▶ What the task asks
Restate, word for word, each record that follows.

[[ The data, beginning ]]

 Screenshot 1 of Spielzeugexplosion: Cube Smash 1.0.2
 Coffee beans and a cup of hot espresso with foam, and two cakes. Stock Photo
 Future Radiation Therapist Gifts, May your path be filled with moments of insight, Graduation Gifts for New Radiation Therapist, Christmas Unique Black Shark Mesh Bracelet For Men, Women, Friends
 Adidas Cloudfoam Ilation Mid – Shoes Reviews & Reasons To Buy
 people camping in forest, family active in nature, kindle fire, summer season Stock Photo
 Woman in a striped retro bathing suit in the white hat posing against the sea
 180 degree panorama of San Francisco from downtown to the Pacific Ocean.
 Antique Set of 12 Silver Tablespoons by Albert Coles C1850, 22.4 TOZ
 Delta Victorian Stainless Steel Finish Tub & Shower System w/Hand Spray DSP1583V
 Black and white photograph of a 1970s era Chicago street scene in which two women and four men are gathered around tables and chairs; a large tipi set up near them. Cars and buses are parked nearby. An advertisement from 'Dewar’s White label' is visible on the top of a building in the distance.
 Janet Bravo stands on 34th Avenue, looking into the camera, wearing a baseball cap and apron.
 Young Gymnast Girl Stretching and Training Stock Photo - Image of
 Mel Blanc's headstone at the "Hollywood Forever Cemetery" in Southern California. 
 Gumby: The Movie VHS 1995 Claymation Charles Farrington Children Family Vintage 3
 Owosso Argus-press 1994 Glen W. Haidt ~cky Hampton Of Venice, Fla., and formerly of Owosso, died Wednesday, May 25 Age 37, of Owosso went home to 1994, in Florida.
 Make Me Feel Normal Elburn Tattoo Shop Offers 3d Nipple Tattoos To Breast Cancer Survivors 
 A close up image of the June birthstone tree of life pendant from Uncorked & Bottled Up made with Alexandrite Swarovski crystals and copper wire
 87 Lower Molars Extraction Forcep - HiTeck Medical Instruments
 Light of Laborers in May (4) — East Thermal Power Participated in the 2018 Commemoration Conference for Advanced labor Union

[[ The data, end ]]

▶ Exercise solution
 Screenshot 1 of Spielzeugexplosion: Cube Smash 1.0.2
 Coffee beans and a cup of hot espresso with foam, and two cakes. Stock Photo
 Future Radiation Therapist Gifts, May your path be filled with moments of insight, Graduation Gifts for New Radiation Therapist, Christmas Unique Black Shark Mesh Bracelet For Men, Women, Friends
 Adidas Cloudfoam Ilation Mid – Shoes Reviews & Reasons To Buy
 people camping in forest, family active in nature, kindle fire, summer season Stock Photo
 Woman in a striped retro bathing suit in the white hat posing against the sea
 180 degree panorama of San Francisco from downtown to the Pacific Ocean.
 Antique Set of 12 Silver Tablespoons by Albert Coles C1850, 22.4 TOZ
 Delta Victorian Stainless Steel Finish Tub & Shower System w/Hand Spray DSP1583V
 Black and white photograph of a 1970s era Chicago street scene in which two women and four men are gathered around tables and chairs; a large tipi set up near them. Cars and buses are parked nearby. An advertisement from 'Dewar’s White label' is visible on the top of a building in the distance.
 Janet Bravo stands on 34th Avenue, looking into the camera, wearing a baseball cap and apron.
 Young Gymnast Girl Stretching and Training Stock Photo - Image of
 Mel Blanc's headstone at the "Hollywood Forever Cemetery" in Southern California. 
 Gumby: The Movie VHS 1995 Claymation Charles Farrington Children Family Vintage 3
 Owosso Argus-press 1994 Glen W. Haidt ~cky Hampton Of Venice, Fla., and formerly of Owosso, died Wednesday, May 25 Age 37, of Owosso went home to 1994, in Florida.
 Make Me Feel Normal Elburn Tattoo Shop Offers 3d Nipple Tattoos To Breast Cancer Survivors 
 A close up image of the June birthstone tree of life pendant from Uncorked & Bottled Up made with Alexandrite Swarovski crystals and copper wire
 87 Lower Molars Extraction Forcep - HiTeck Medical Instruments
 Light of Laborers in May (4) — East Thermal Power Participated in the 2018 Commemoration Conference for Advanced labor Union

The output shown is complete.